TRY IT: In your copy, leave out the pictures and reproduce the listing below exactly.

DATASET SECTION:
- - -

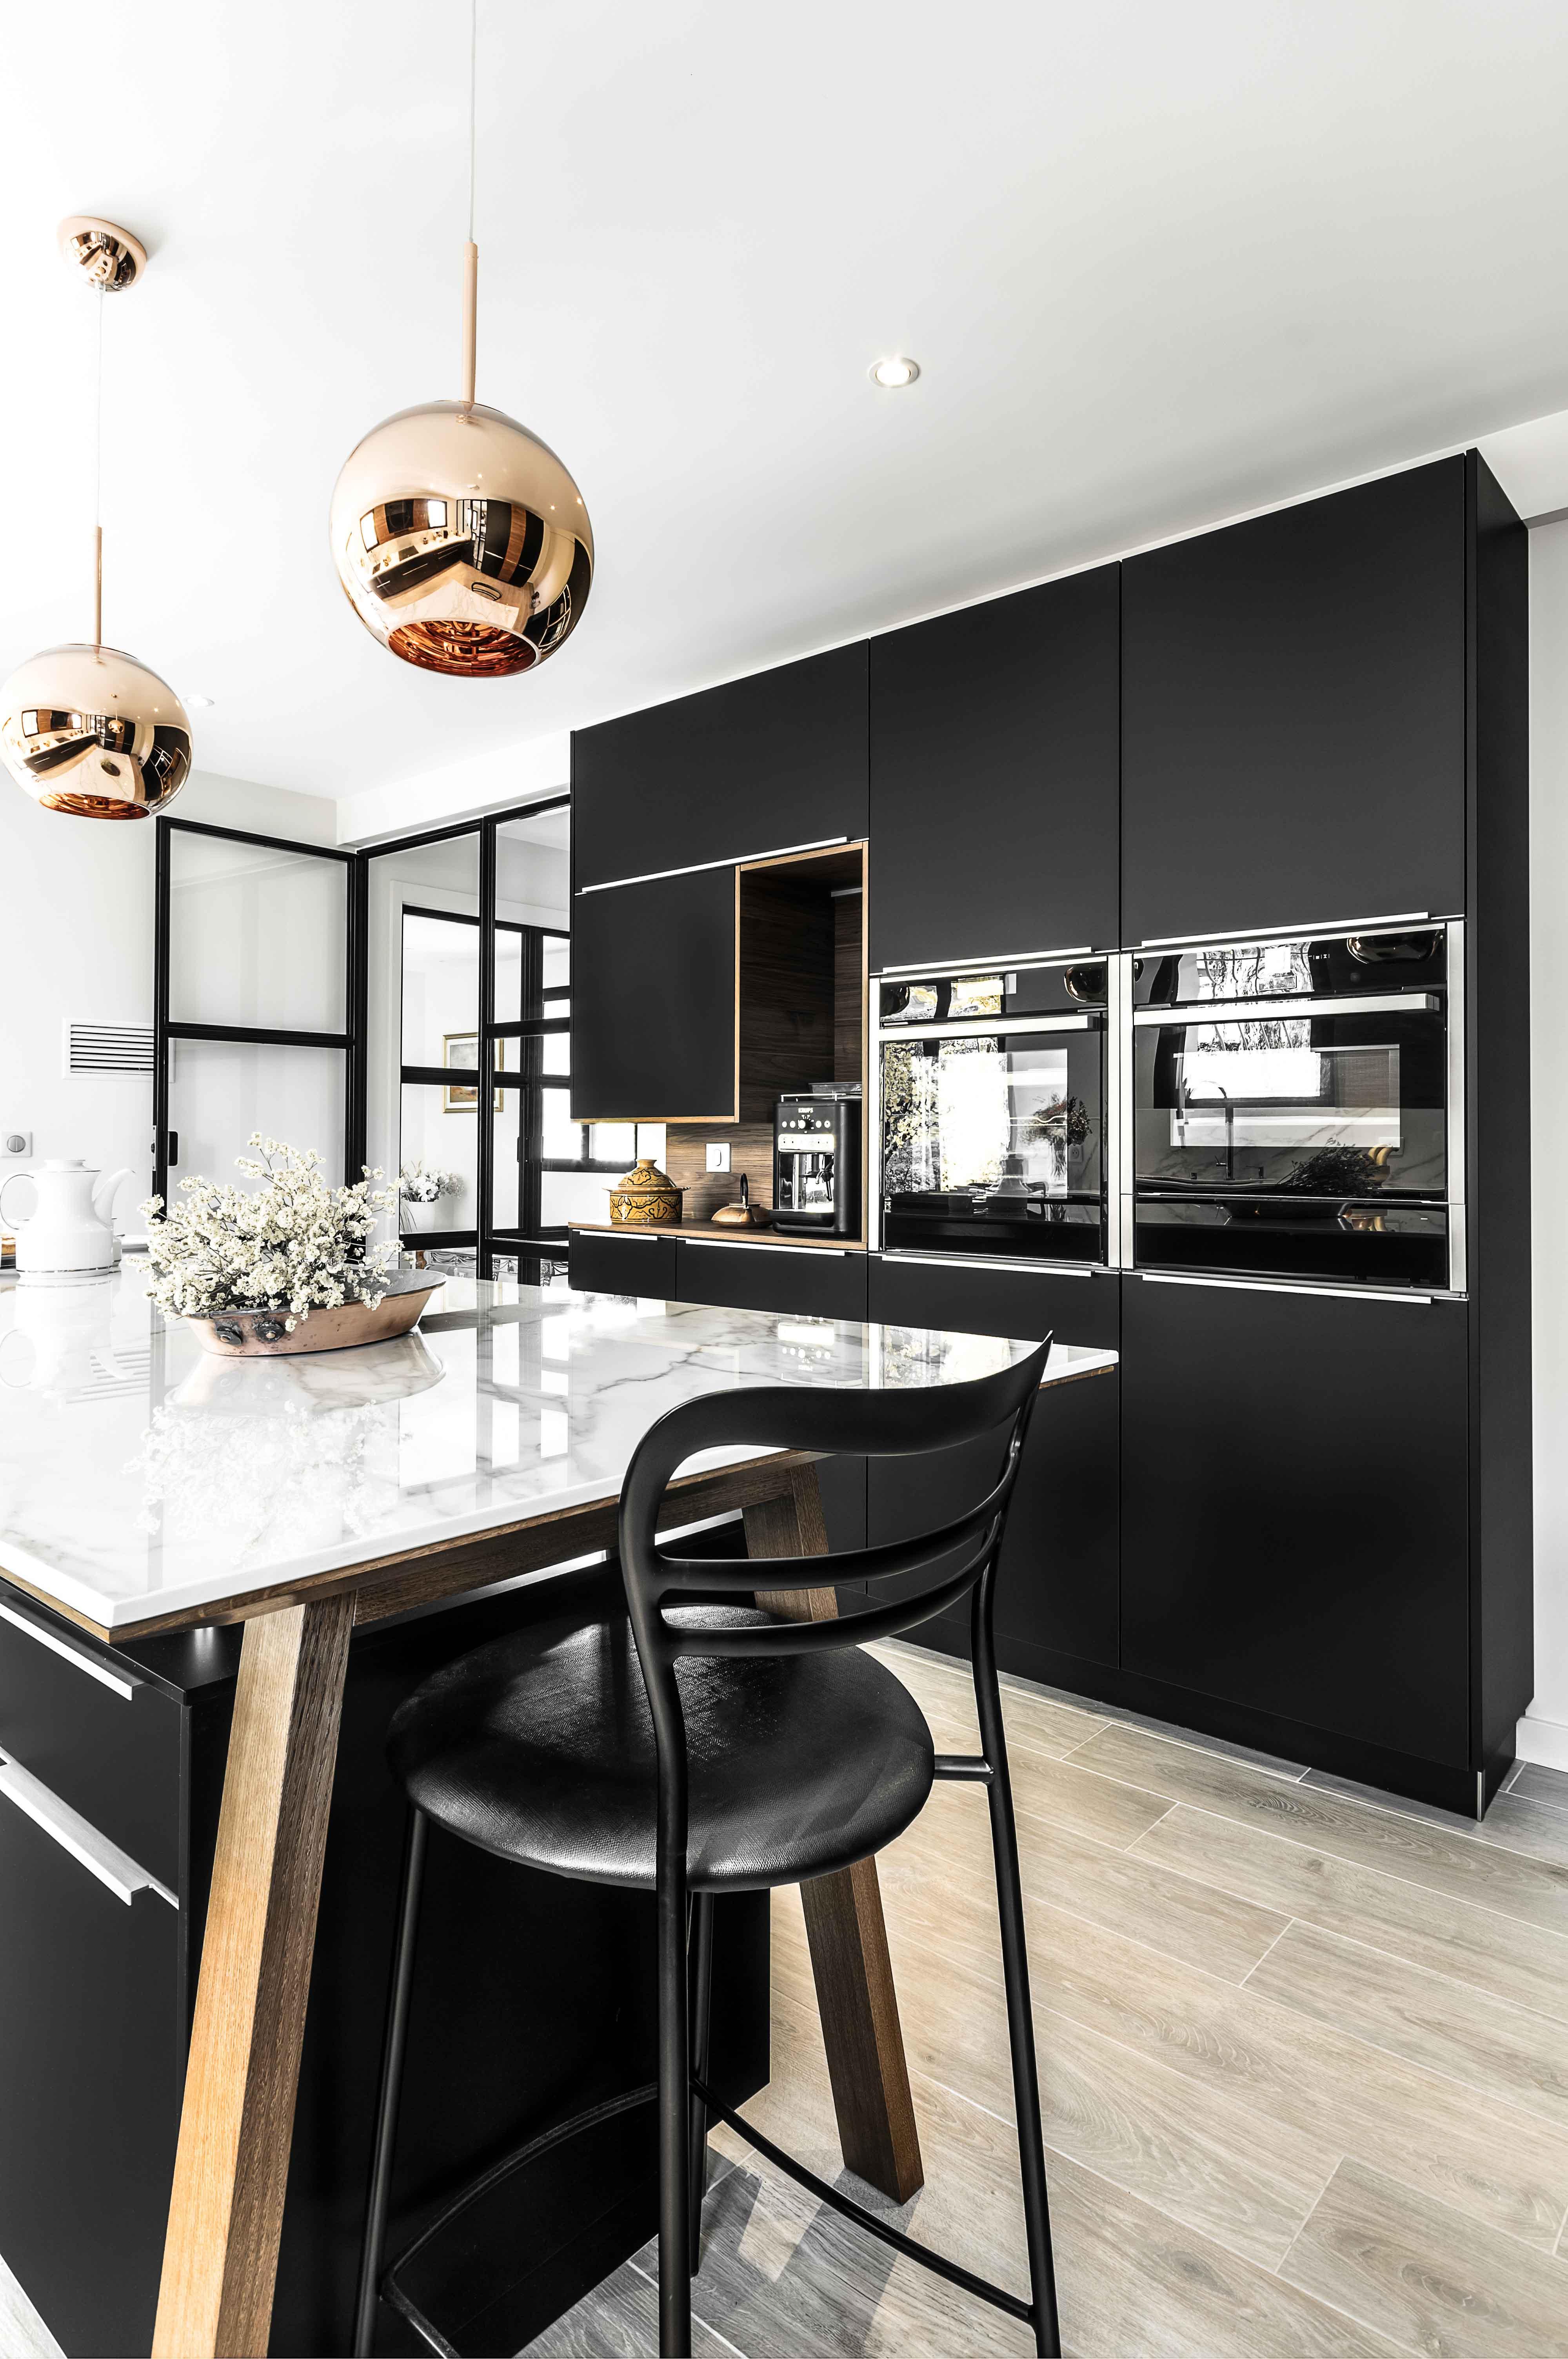 alliance du bois du marbre et du noir pour une cuisine aux influences modernes et nordiques
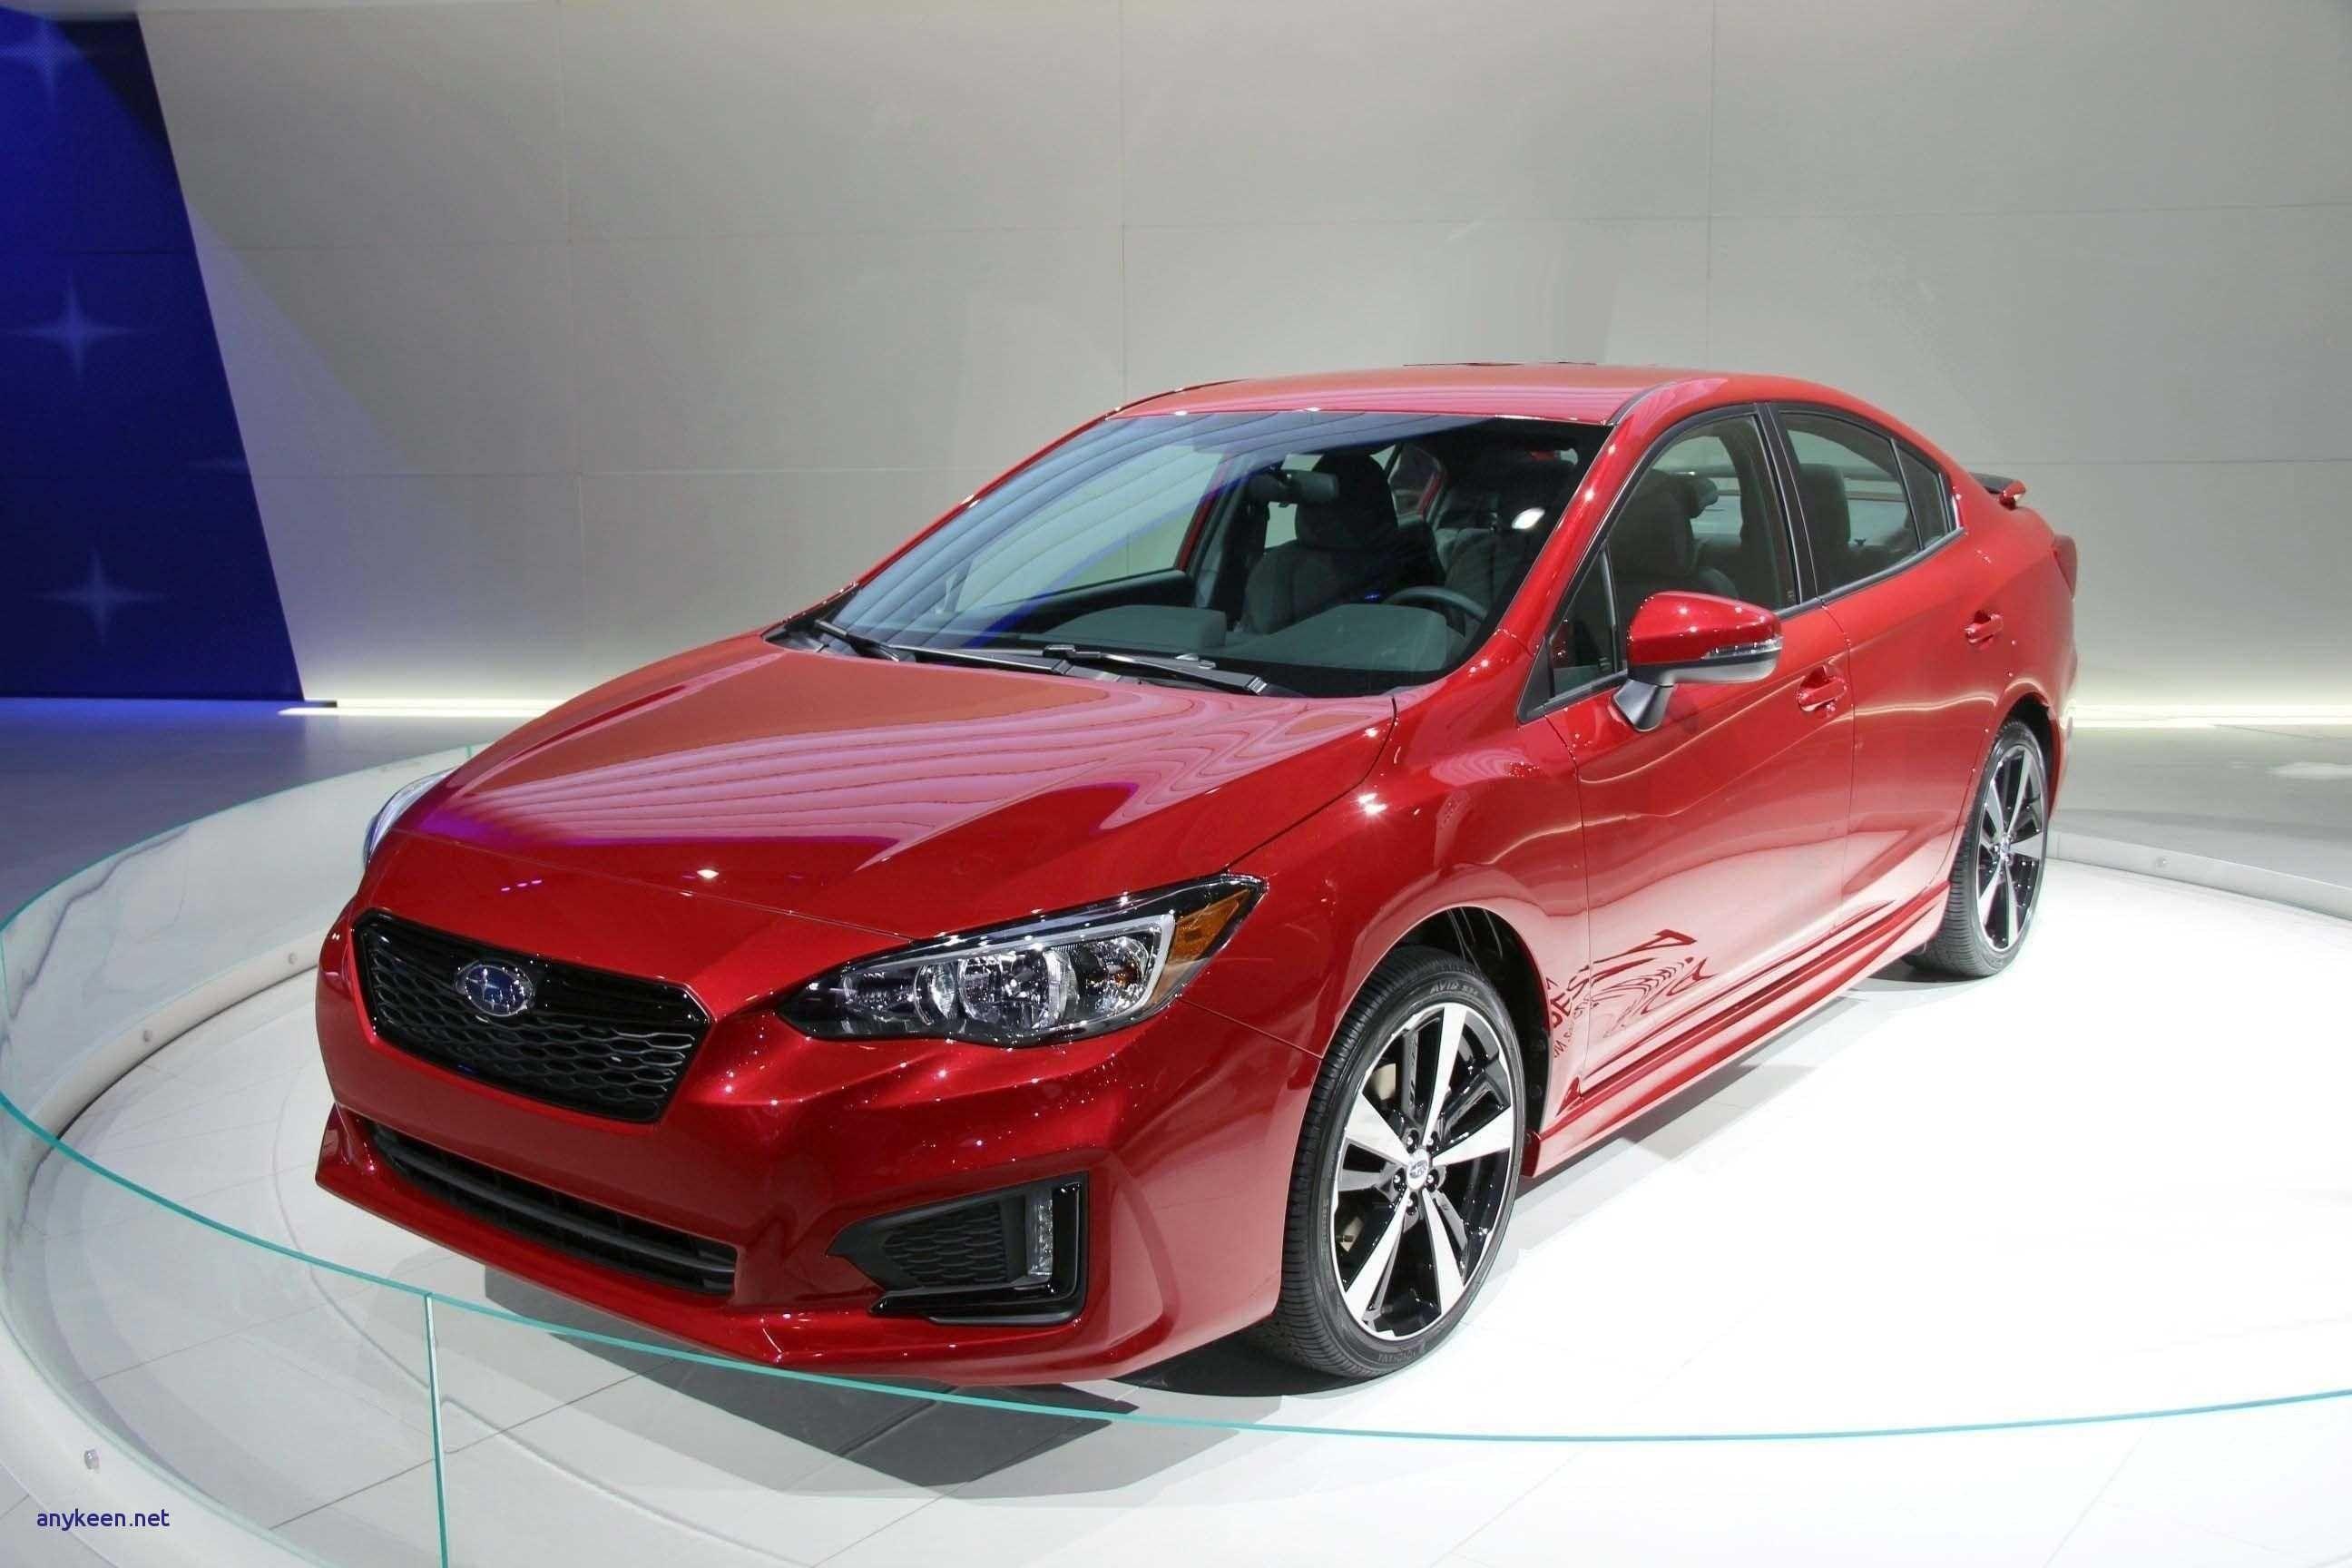 Best 2019 Subaru Hatchback New Release Subaru impreza
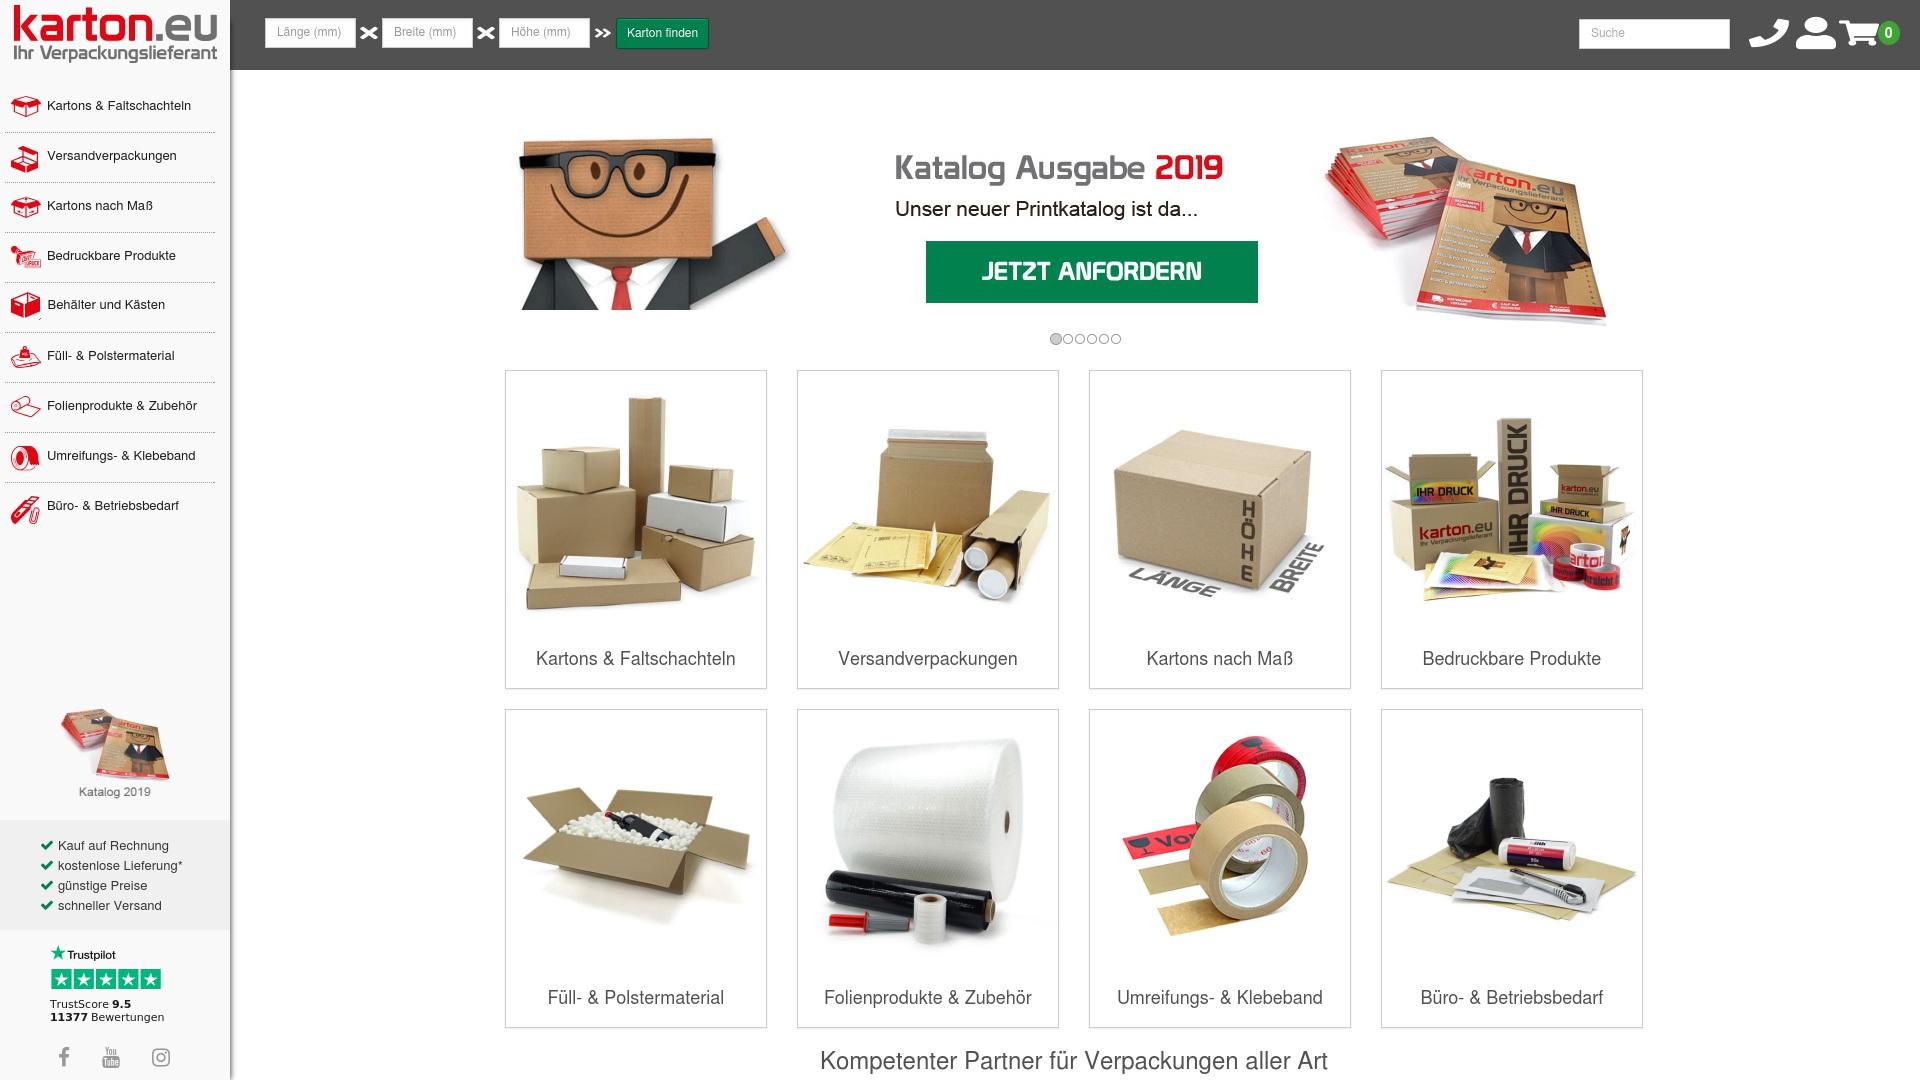 Gutschein für Karton: Rabatte für  Karton sichern

- - -

RESPONSE AREA:
 alliance du bois du marbre et du noir pour une cuisine aux influences modernes et nordiques
 Best 2019 Subaru Hatchback New Release Subaru impreza
 Gutschein für Karton: Rabatte für  Karton sichern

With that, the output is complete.